**EXERCISE GOAL:** Return the data exactly, apart from leaving out the pictures.

**DATA BELOW:**
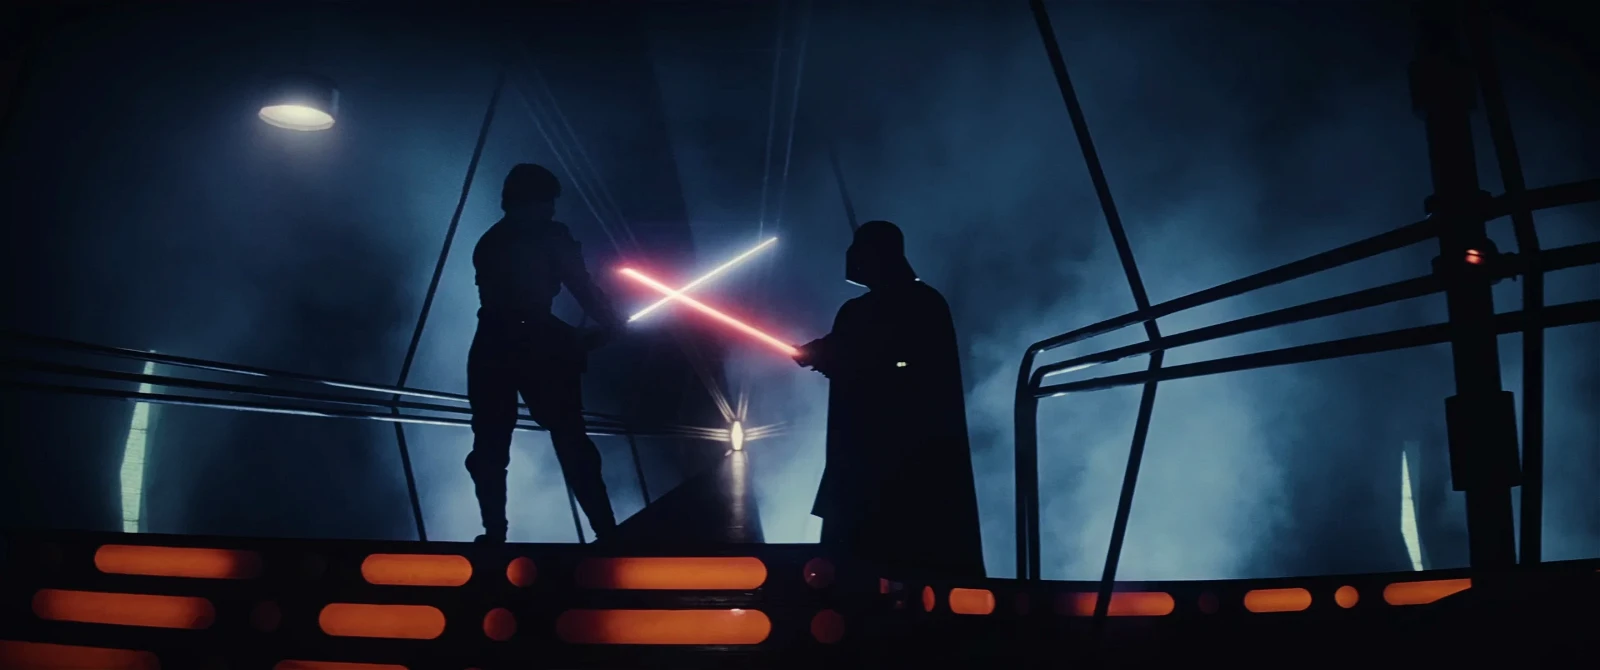 Luke Skywalker vs Darth Vader in The Empire Strikes Back
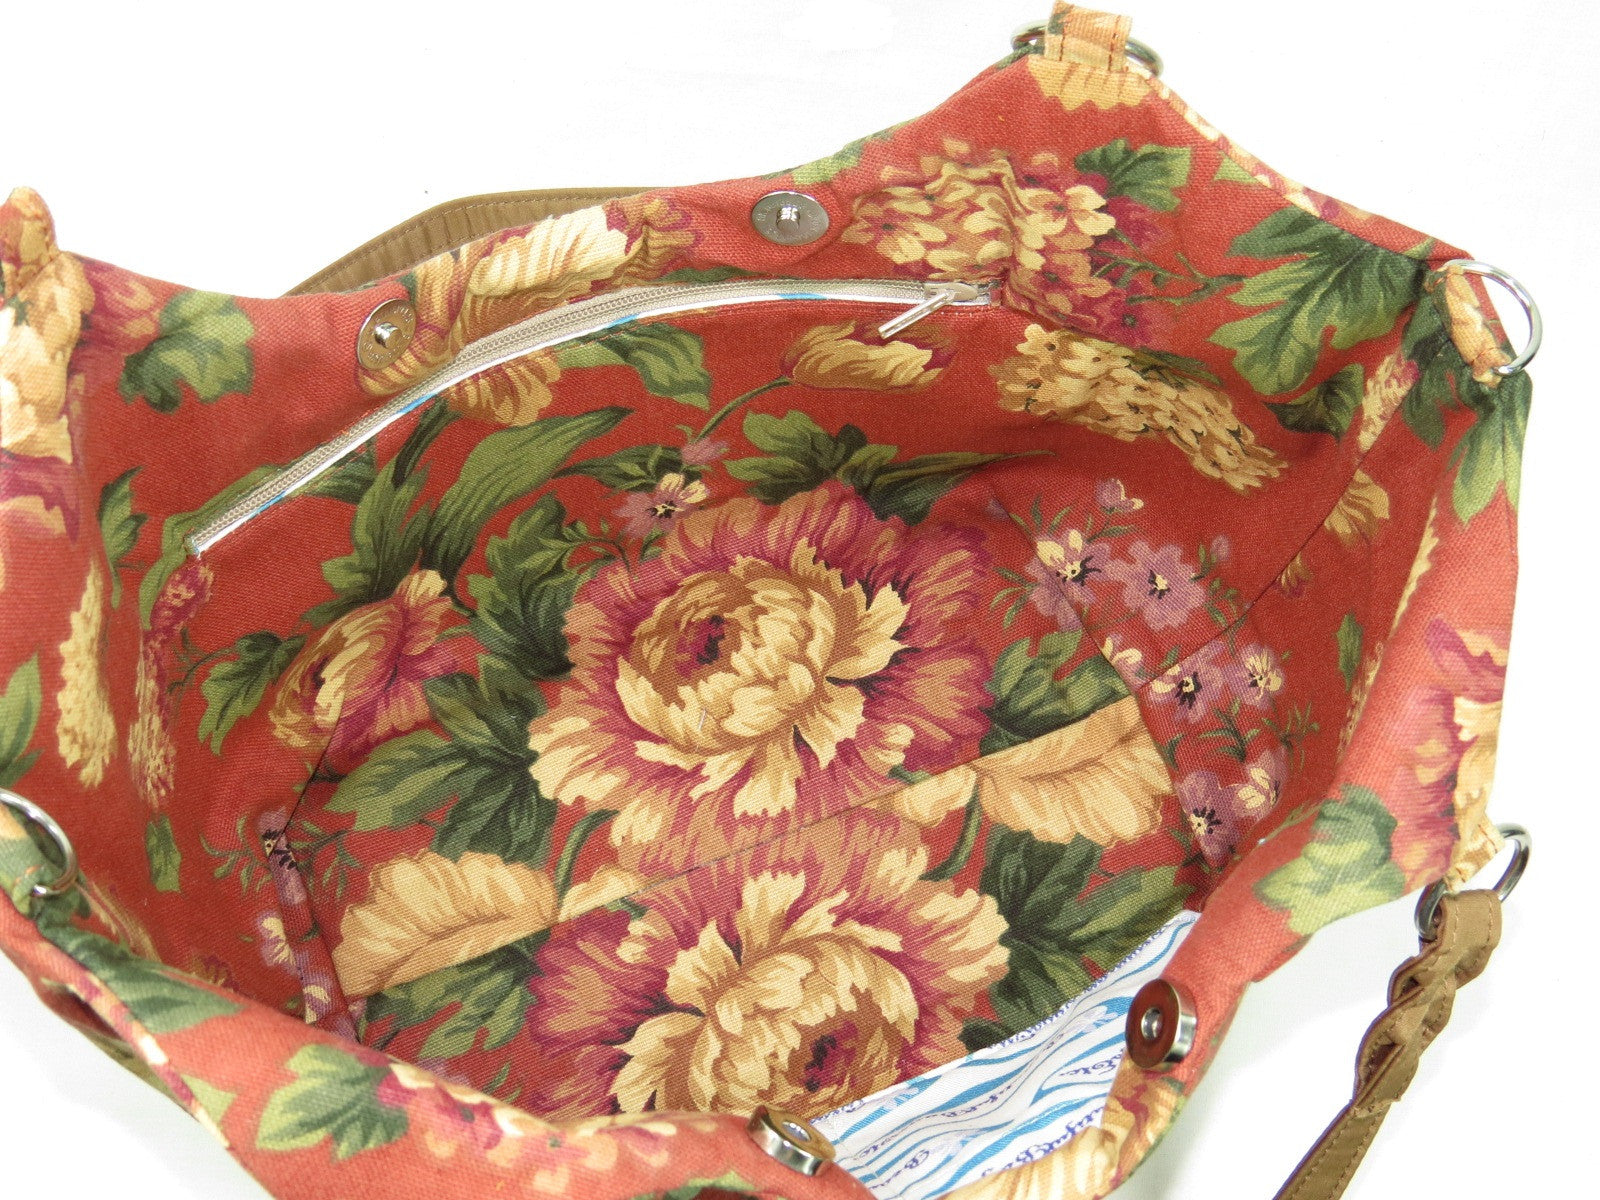 Autumn Floral Print on Canvas Tote Style Handbag interior
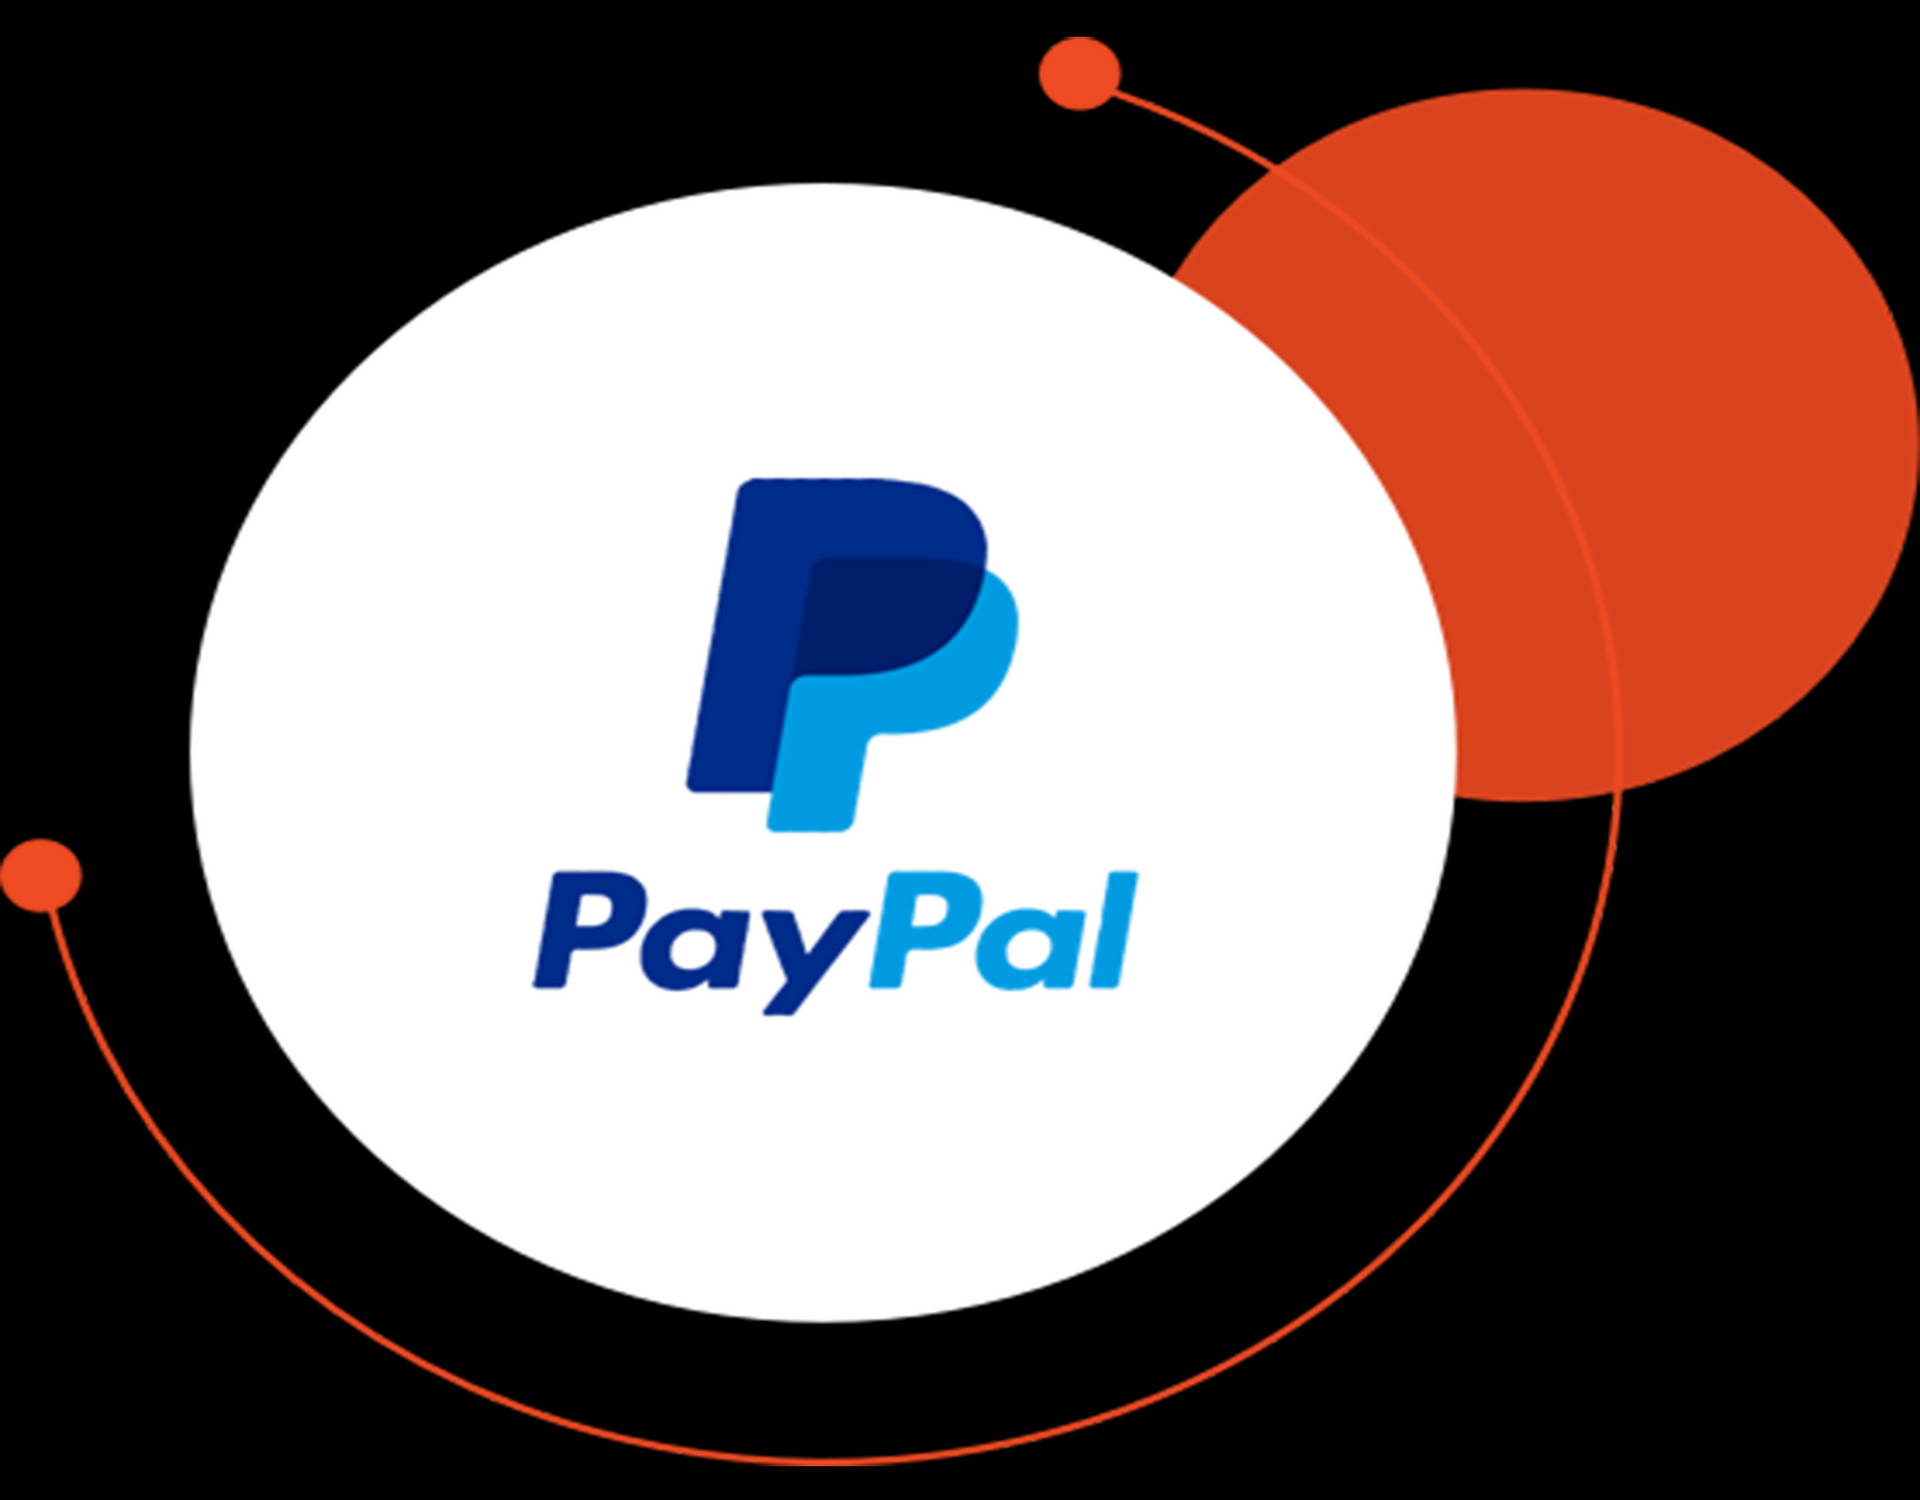 Paypal Circles Design

**EXPECTED ANSWER:**
 Luke Skywalker vs Darth Vader in The Empire Strikes Back
 Autumn Floral Print on Canvas Tote Style Handbag interior
 Paypal Circles Design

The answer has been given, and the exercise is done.